A recently released Canadian survey of more than 6,000 women who gave birth in the last few years found 91 per cent experienced electronic fetal monitoring during labour; 63 per cent said they had continuous electronic monitoring.
Routine electronic fetal monitoring increases the risk of a C-section, because it can lead to so-called false positives, "meaning it tells you there's a problem, but it turns out there isn't," Klein says.
"People have been hearing that message for 20 years or more, and so they know what the answer to the question is. But, in reality, imagine that you're a physician in your office and you have a woman who is in labour. Where should you be? You should be with her in labour. Where are you? You're in your office.
"The electronic fetal monitor is kind of your surrogate presence. It gives you a sense of security that you're somehow in control of the situation, when you're really not."
- 42 per cent of obstetricians were in favour of a woman's right to choose a C-section without medical indication, but only 21 per cent of obstetricians agreed with the statement that a C-section is as safe as a vaginal birth for women, and only eight per cent would choose C-section over vaginal delivery for themselves or their partners.
Klein said the findings reflect a dissonance between "what they feel about this (C-sections) and how they would respond to a request." Only 18 per cent of obstetricians said a C-section is safer than a vaginal birth for babies; 58 per cent disagreed with the statement.
"Women's autonomy is a value that we all share," Klein said. "But we believe that it has to be informed autonomy. And the obstetricians are kind of caught in the middle of this one. 42 per cent of them would support a woman's choice, but the problem is they're also the ones doing the cesarean section, and they're also the ones who have to have very long discussions with people about the benefits and risks of cesarean section. It takes a couple of hours by the time you're through, and nobody has that kind of time."

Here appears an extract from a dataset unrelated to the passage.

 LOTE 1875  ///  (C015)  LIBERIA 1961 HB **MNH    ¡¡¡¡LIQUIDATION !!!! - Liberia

"It's in many respects easier to go along with the woman's choice — especially if you actually believe cesarean section is not a problem."

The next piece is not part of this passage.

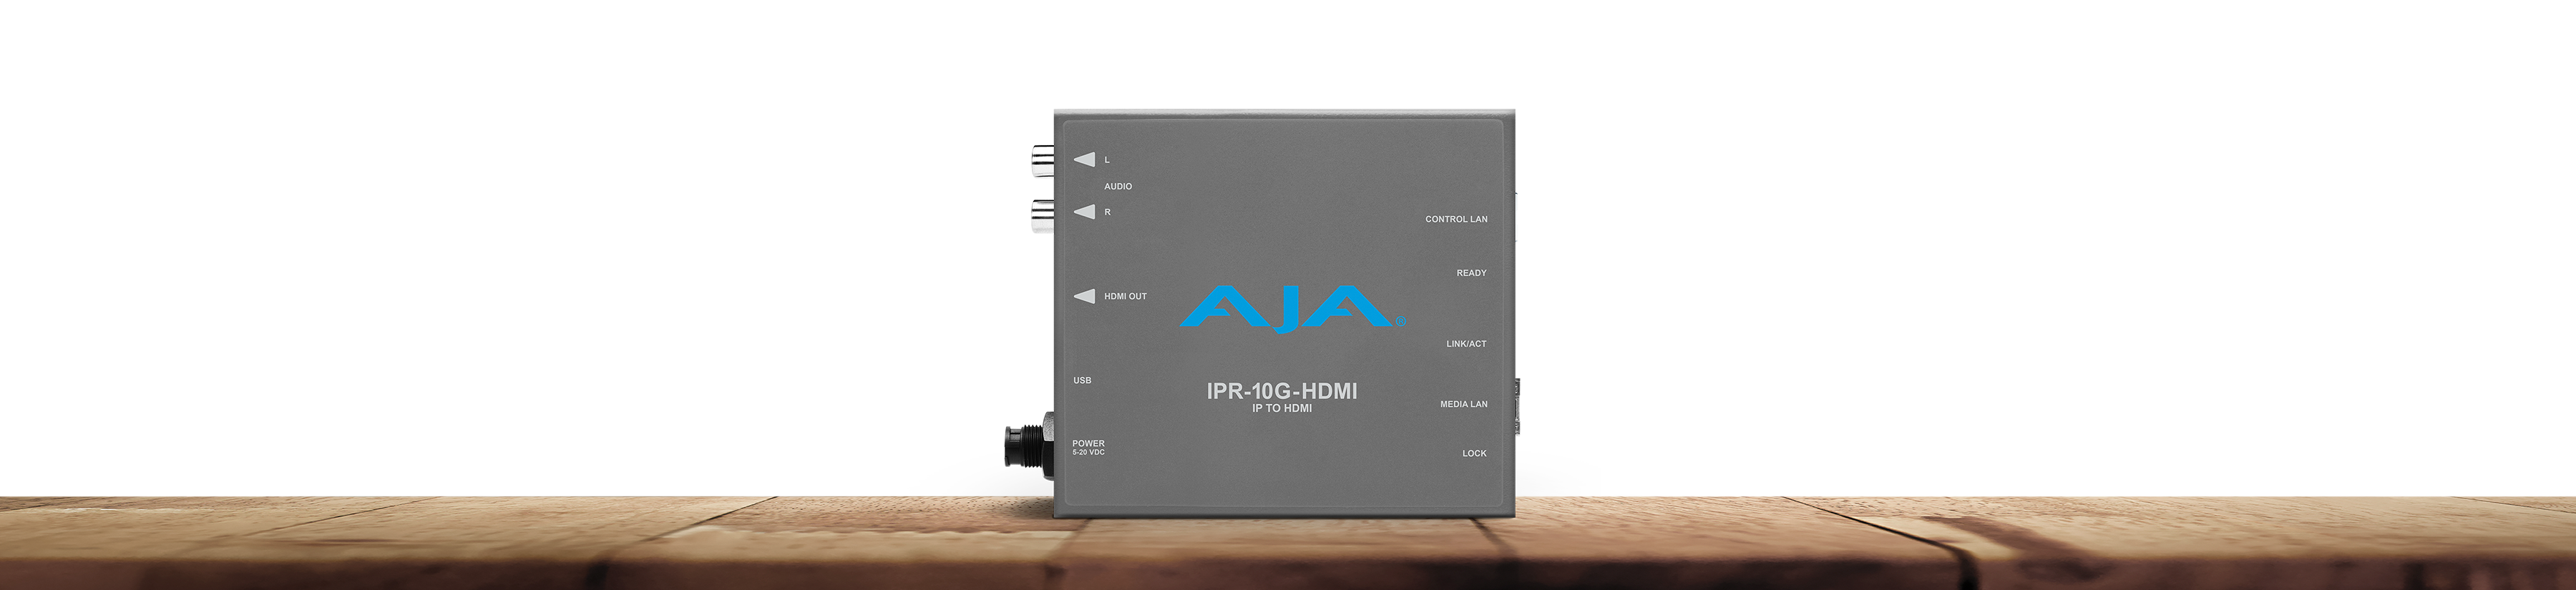 IPR-10G-HDMI

Studies show risks to babies from C-sections range from accidental lacerations when the surgeon cuts into the uterus, to neonatal respiratory distress. Risks to women include higher risks of hemorrhage requiring a hysterectomy, blood infections, wound infections and blood clots in the lungs. As well, every C-section increases the risk for another.
Klein said family doctors who provide only prenatal care, and then transfer women to an obstetrician for delivery, have attitudes and beliefs close to those of obstetricians.
- Only 35 per cent of obstetricians were in favour of birth plans and they were ambivalent towards doulas.
- 25 per cent of obstetricians and family doctors believed sexual problems and urinary incontinence could be prevented by C-sections.
- 43 per cent of obstetricians disagreed with the statement, "For a woman, having a vaginal birth is a more empowering experience than delivery by cesarean section."
"You really have to be fair to the obstetricians," Klein says. "What they believe is based on their training, and it's based on their experience, and they are much more likely than midwives to see problems, because they're in the business of problem-solving, while the midwives are in the business of normalizing birth and keeping birth normal. There's an intrinsic difference in style of practice and approach which goes with the territory."
But the survey also found that more than 15 per cent of obstetricians have attitudes on most issues "that fall squarely into midwifery territory," Klein says.
The study is published in the Journal of Obstetrics and Gynaecology Canada.